Prep your cups. Set out 8–10 small jars, ramekins, or a muffin tin lined with silicone or paper liners.
Clear space in the fridge for chilling.
Make the crust. In a bowl, mix the crushed crackers, melted coconut oil or butter, sweetener, and a pinch of salt until it resembles damp sand. Press 1–2 tablespoons into the bottom of each cup. Use the back of a spoon to compact.
Set aside.
Soften the cream cheese. In a mixing bowl, beat the light cream cheese with a hand mixer until smooth and fluffy. This prevents lumps later.
Add yogurt and flavor. Beat in the Greek yogurt, vanilla, lemon juice, and salt until silky. Taste and adjust lemon or vanilla as needed.
Fold in protein and sweetener. Sprinkle in the protein powder and your sweetener.
Mix on low at first to avoid clumps, then increase speed until fully smooth. If it looks too thick, add 1–2 tablespoons milk or water. If too thin, add 1–2 teaspoons more protein powder.

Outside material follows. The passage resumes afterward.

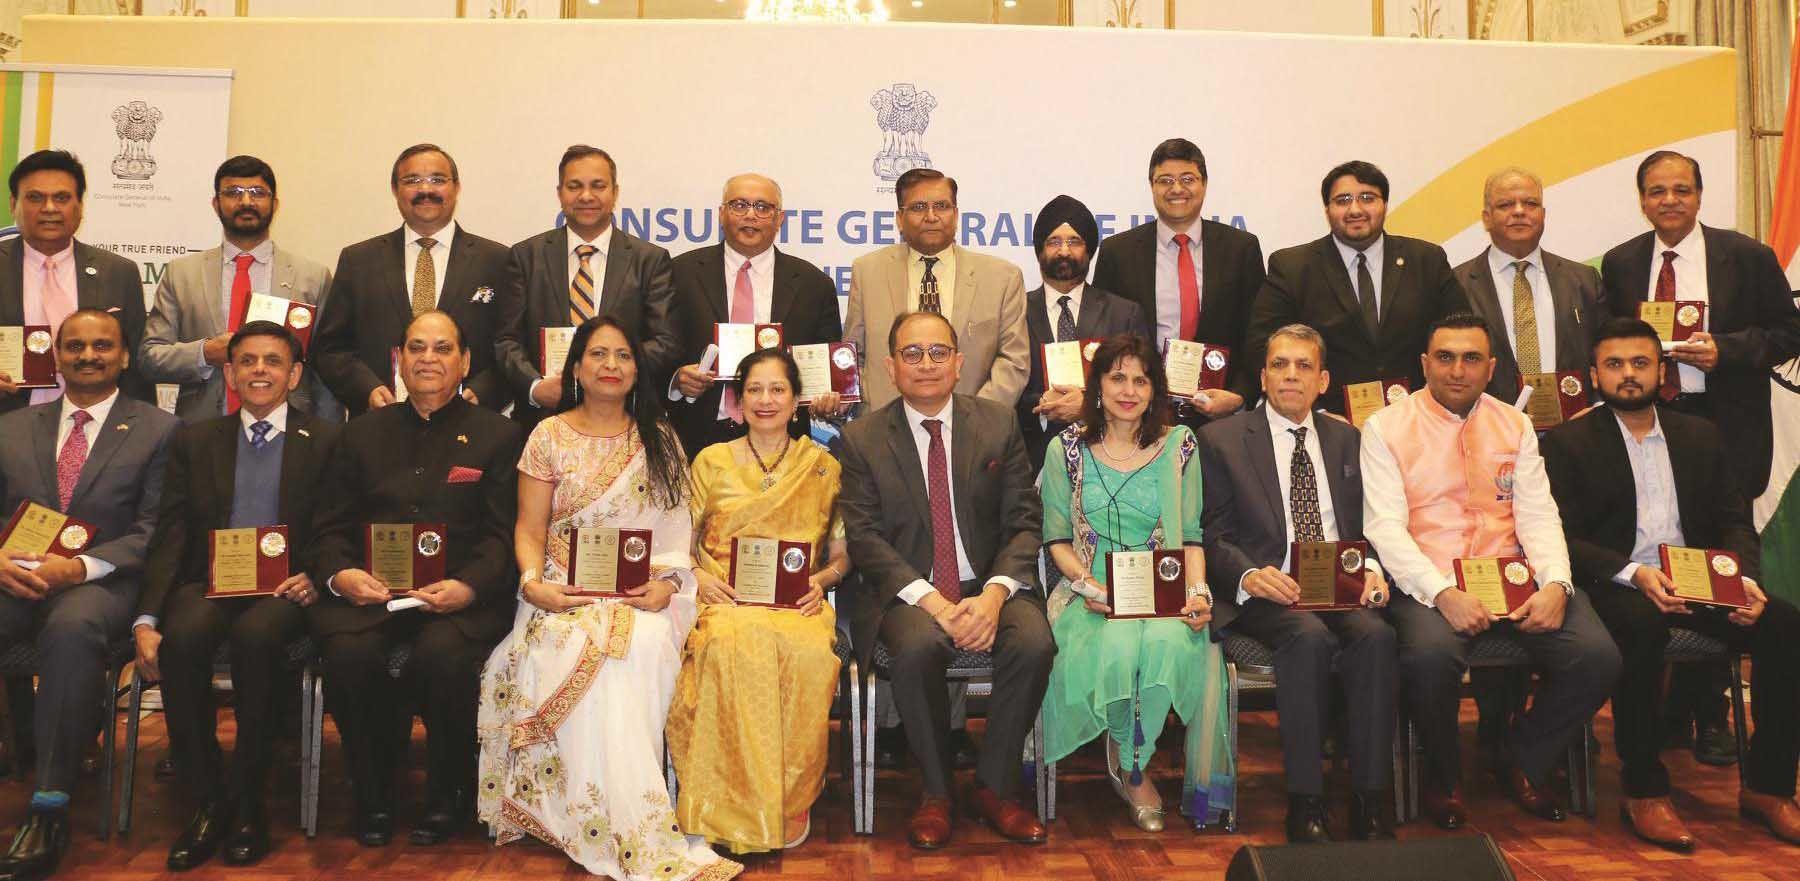 Pelayanan yang ada di Consulate General of India, Atlanta, Amerika
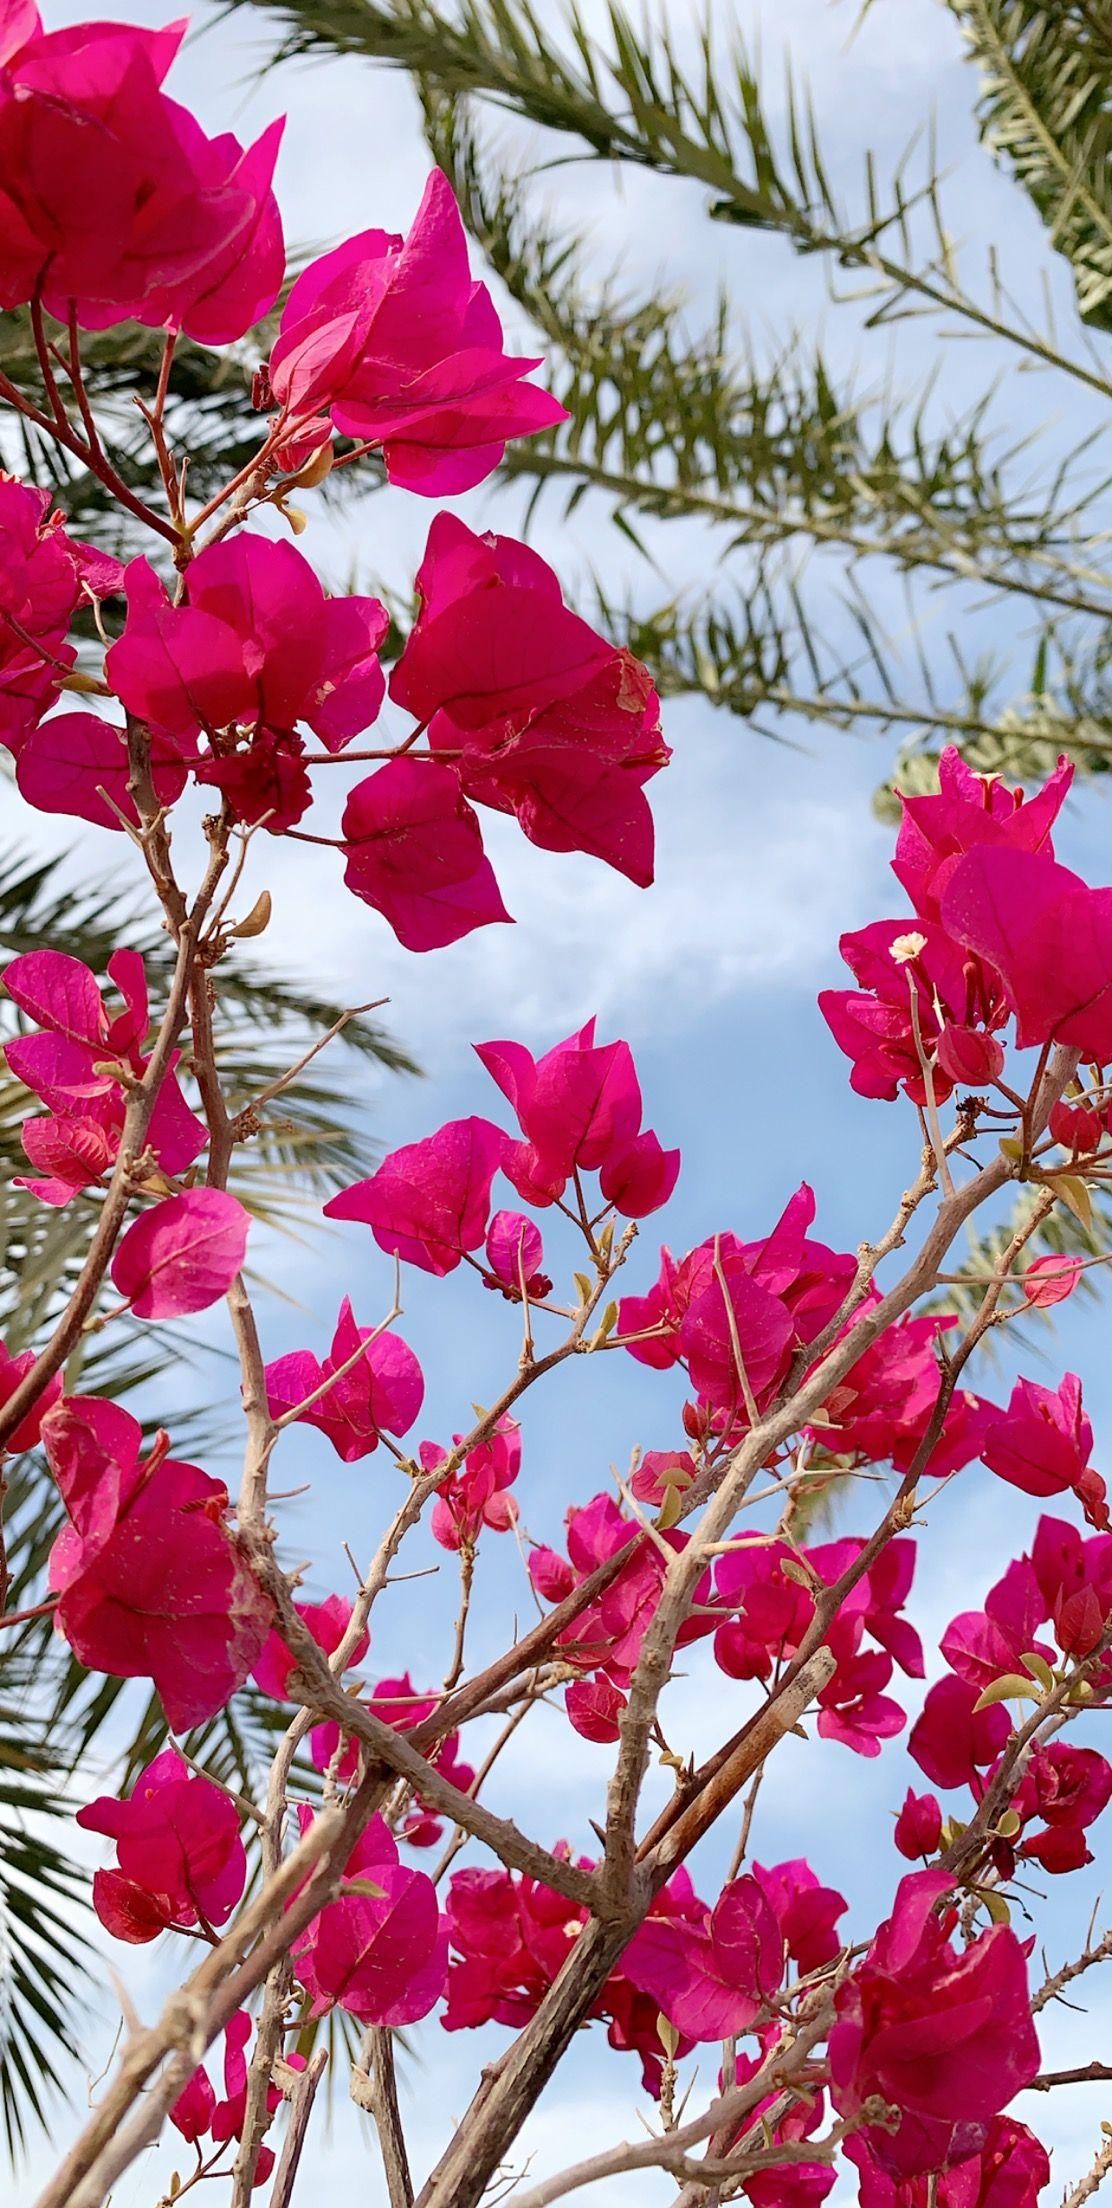 Pin By بثينة الكواري On ورد الربيع Flowers Rose Plants

Assemble the cups. Spoon or pipe the cheesecake filling over the crusts, dividing evenly.
Smooth the tops with the back of a spoon.
Chill to set. Cover and refrigerate for at least 2 hours, preferably 4. The protein and dairy firm up as they chill, creating that classic cheesecake texture.
Add toppings. Just before serving, top with berries, compote, chocolate shavings, or nuts for crunch and color.
Serve and enjoy. These are best cool but not ice-cold. Let them sit at room temperature for 5–10 minutes for the creamiest bite.